This case highlights 2 interesting points. Firstly, the rare complication of parkinsonism following dengue virus infection. Secondly, the extensive post-infectious neurological manifestations in a previously well young man with no history of chronic illness. We aim to address these issues in the next few paragraphs in turn.
The family Flaviviridae has been known to cause muscle weakness. Poliomyelitis-like weakness has been associated with Japanese encephalitis virus infection and West Nile virus infection [4, 5]. To our knowledge, our patient is only the second reported case of dengue-fever associated brachial plexopathy .
Acute cerebellar ataxia is quite common following a viral infection; Varicella Zoster virus, Mumps virus and Epstein-Barr virus being the common culprits . Cerebellar ataxia following dengue fever is less commonly reported .
Virus as the etiological agent for parkinsonism is not a novel concept. Von Economo first described seven patients presenting with parkinsonism, somnolence and diplopia; almost all had at least one cranial nerve involvement . Although now a topic of much debate, initially the trigger was thought to be the influenza virus.
We feel that our patient developed features of parkinsonism as a post-infectious immune-mediated consequence of dengue fever. NS1 antigen has been shown to have a 93.4% sensitivity rate and 100% specificity rate in diagnosing acute dengue fever . The diagnosis was further confirmed by the subsequent positive IgM and IgG for dengue antibodies in the serum. An acute parkinsonian syndrome has been described following Japanese Encephalitis virus and West Nile virus infection, but to our knowledge, our patient represents the first case of acute parkinsonian syndrome afflicting a patient following a dengue infection [11, 12].
The absence of the dengue virus in the cerebrospinal fluid of our patient highlights an important point, and suggests that the mechanism by which the virus is causing the symptoms is not via a direct neurotropic effect . There have been previous reports of viral encephalitis with no evidence of the virus apart from the presence of oligoclonal bands in the cerebrospinal fluid, suggesting an immune-mediated mechanism [14, 15]. We did not test for oligoclonal bands but there was evidence of pleocytosis in the cerebrospinal fluid of our patient.

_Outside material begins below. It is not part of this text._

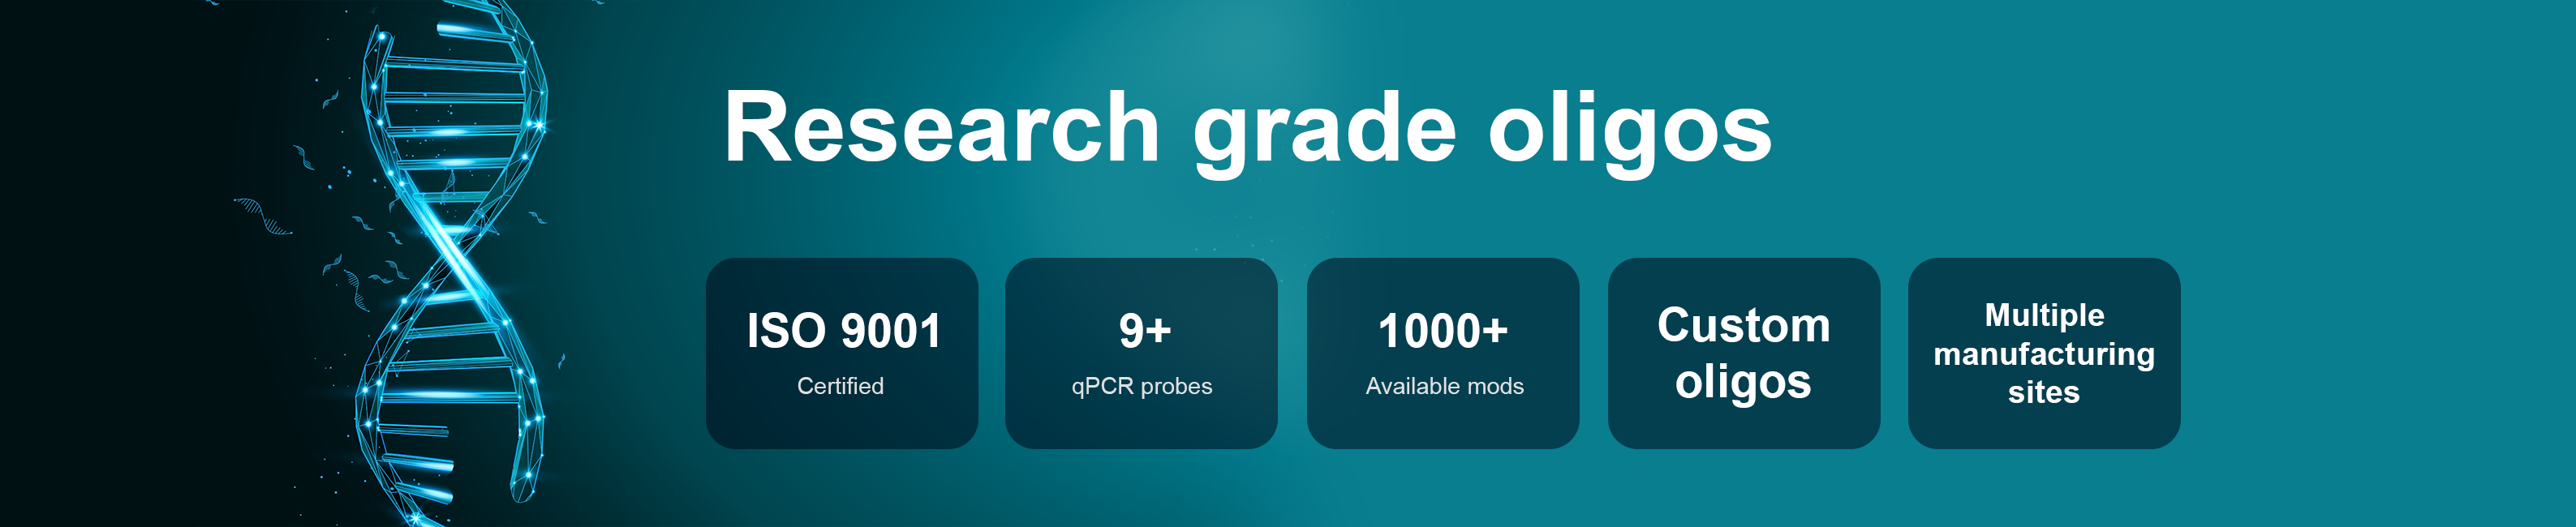 research grade oligos ISO 9001

The absence of any abnormal findings on brain MRI scan further reinforces this hypothesis. Cranial neuropathy arising from post-infectious immune mediated dengue fever with normal brain MRI findings have been previously reported .
Although the phenomenology of viral parkinsonism may share similar characteristics with idiopathic Parkinson’s disease, it is unlikely that the pathophysiology is due to abnormal Lewy body and neurofibrillary tangle deposition in brain tissue . The usual anti-parkinson’s medication such as levodopa and dopamine agonist may not be as effective. Indeed, as our case demonstrates, there is a role for immunosuppression with methylprednisolone in selected patients.
Our patient developed quite extensive neurological symptoms involving the extra-pyramidal system, cranial and peripheral nerves. The patient was an otherwise fit young man with no history of chronic illness, apart from having chicken pox 3 months earlier. Although remote, the possibility of varicella zoster virus playing a role in the subsequent neurological complication of dengue fever should not be dismissed out of hand.
One-way to explain this unusual phenomenon is the ‘double-hit’ hypothesis. It is known that influenza virus has the capability to prime the innate CNS immune system . If varicella zoster virus has the same capability in up-regulating the CNS immune system, a ‘second-hit’ in the form of dengue fever may explain why our patient was afflicted with such diverse neurological manifestation, namely, parkinsonism, multiple cranial neuropathies, cerebellar ataxia and plexopathy.